Madame Anne DAMPFHOFFER, Conseiller, a fait un rapport oral à l’audience, avant les plaidoiries.
Ces magistrats ont rendu compte des plaidoiries dans le délibéré de la cour, composée de :
Monsieur Olivier BRUE, Président
Madame Anne DAMPFHOFFER, Conseiller
Mme Sylvie PEREZ, Conseillère
Greffier lors des débats : M. Rudy LESSI
Les parties ont été avisées que le prononcé de la décision aurait lieu par mise à disposition au greffe le 29 Juin 2021.
ARRÊT
Contradictoire,
Prononcé par mise à disposition au greffe le 29 Juin 2021.

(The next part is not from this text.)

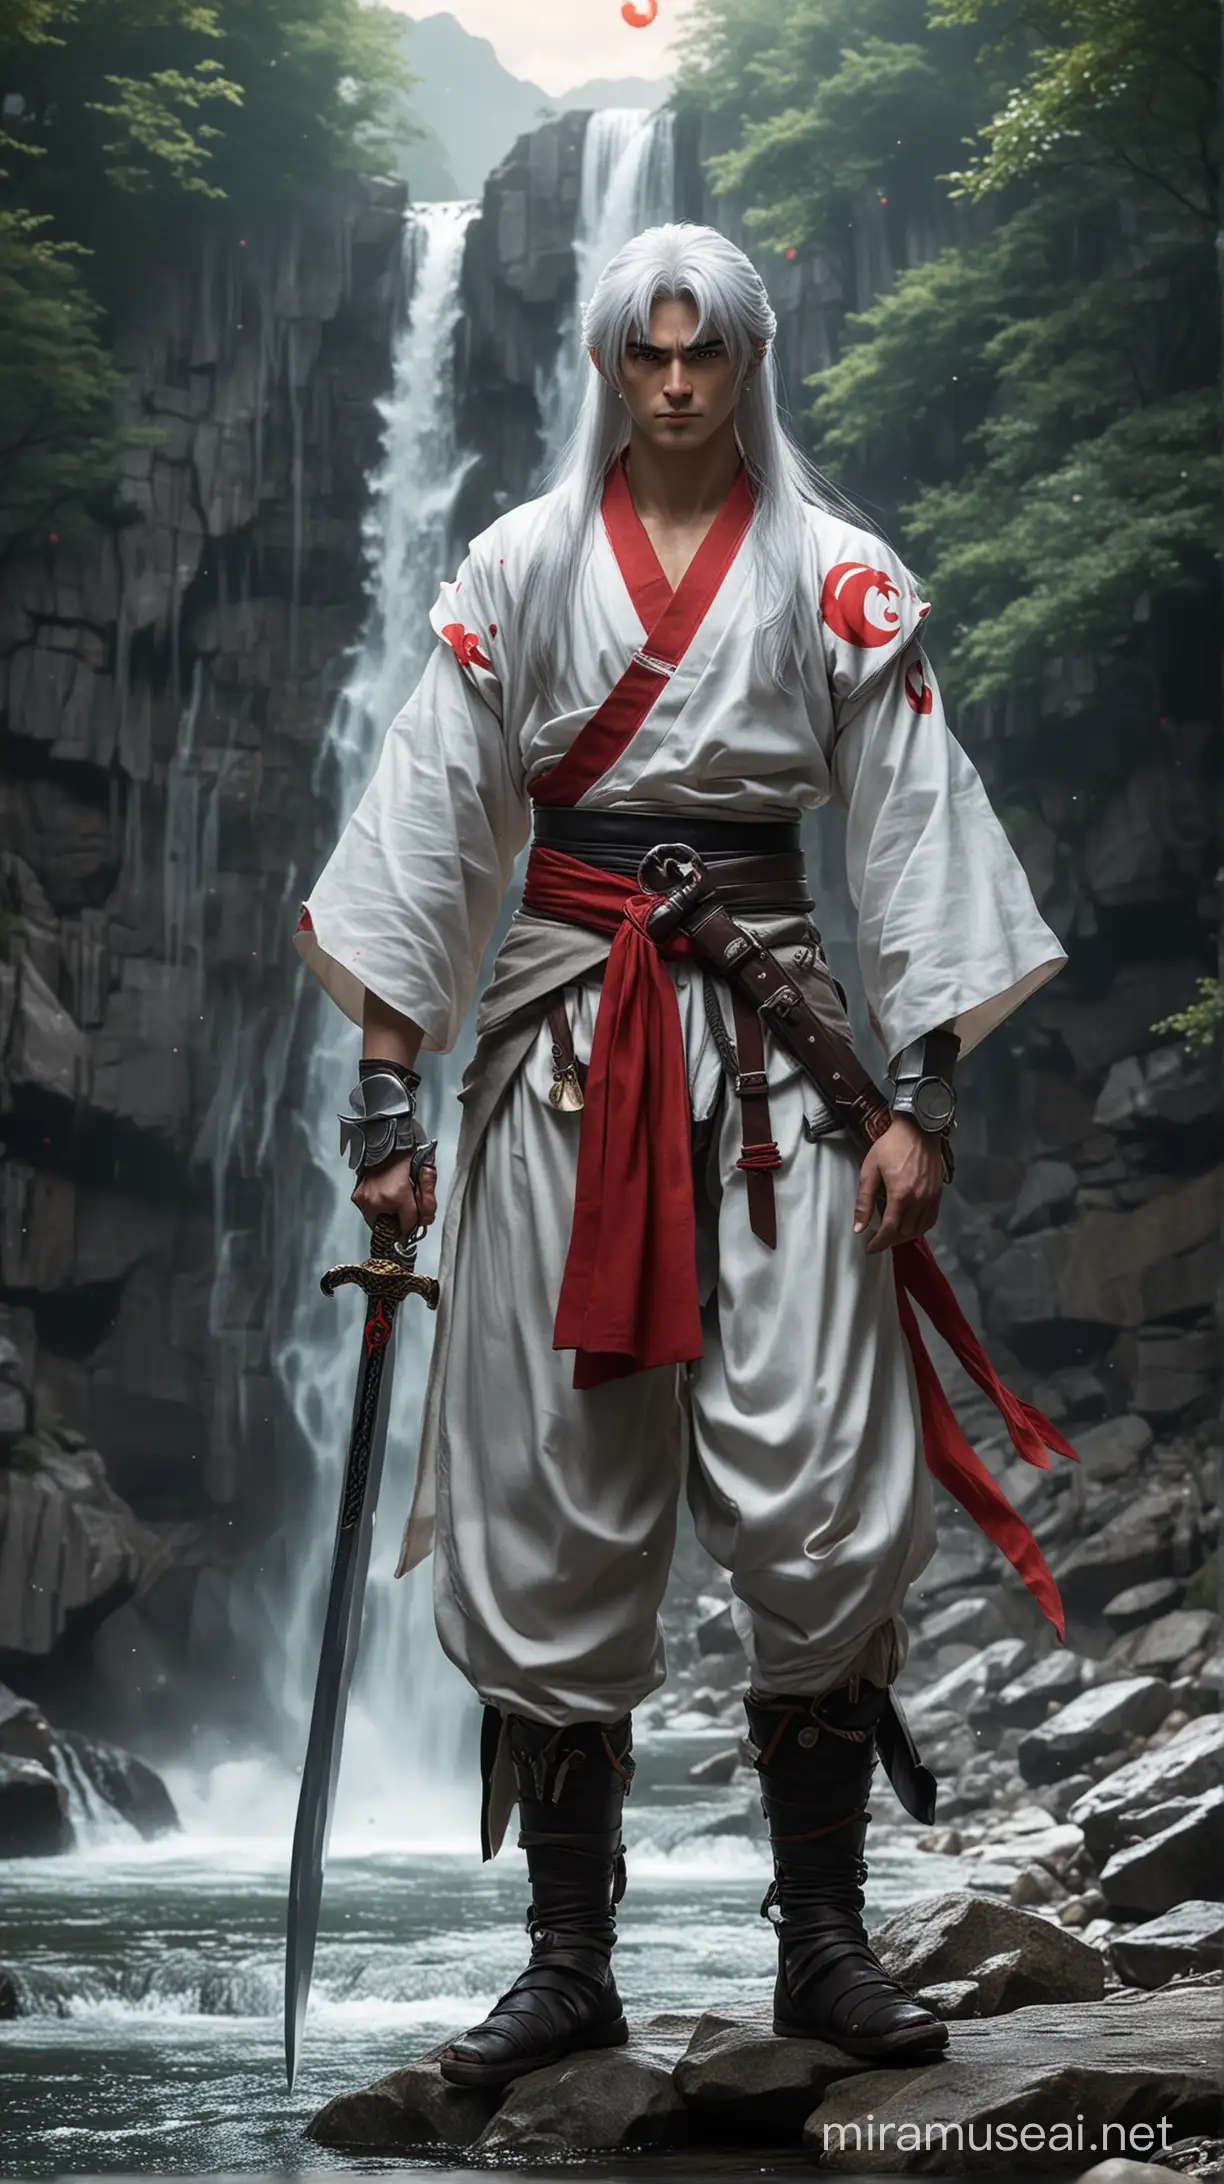 Majestic Sesshomaru with Chrome Sword by a Serene Waterfall

Signé par Monsieur Olivier BRUE, Président et M. Rudy LESSI, greffier auquel la minute de la décision a été remise par le magistrat signataire.
EXPOSE :
Par jugement, contradictoire, du 12 septembre 2018, le tribunal de grande instance de Nice a statué ainsi qu’il suit :
— déboute M. X de ses demandes contre la société EDF et contre le syndicat départemental de l’énergie et du gaz,
— déboute la société Enédis de l’ensemble de ses demandes,
— condamne la société Enédis à payer à Monsieur X la somme de 15'000 € à titre de dommages et intérêts pour son préjudice de jouissance et celle de 1630 € pour l’achat d’un poêle ,
— rejette les demandes plus amples,
— ordonne l’exécution provisoire,
— condamne la société Enédis à payer à Monsieur X la somme de 2000 € par application de l’article 700 du code de procédure civile ainsi qu’à supporter les dépens.
Appel de cette décision a été interjeté le 5 novembre 2018 par la société Enédis.
L’appelante a conclu le 21 janvier 2021 en demandant de :
— réformer le jugement de ce chef,
— constater qu’elle est tenue à une obligations de moyens et non de résultat, que le renforcement des réseaux a été demandé au syndicat départemental, seul habilité à procéder aux travaux nécessaires et que sa responsabilité ne peut être recherchée
— conséquence, rejeter les demandes de M X,
— condamner tout succombant à la somme de 5000 € par application de l’article 700 du code de procédure civile, ainsi qu’aux dépens.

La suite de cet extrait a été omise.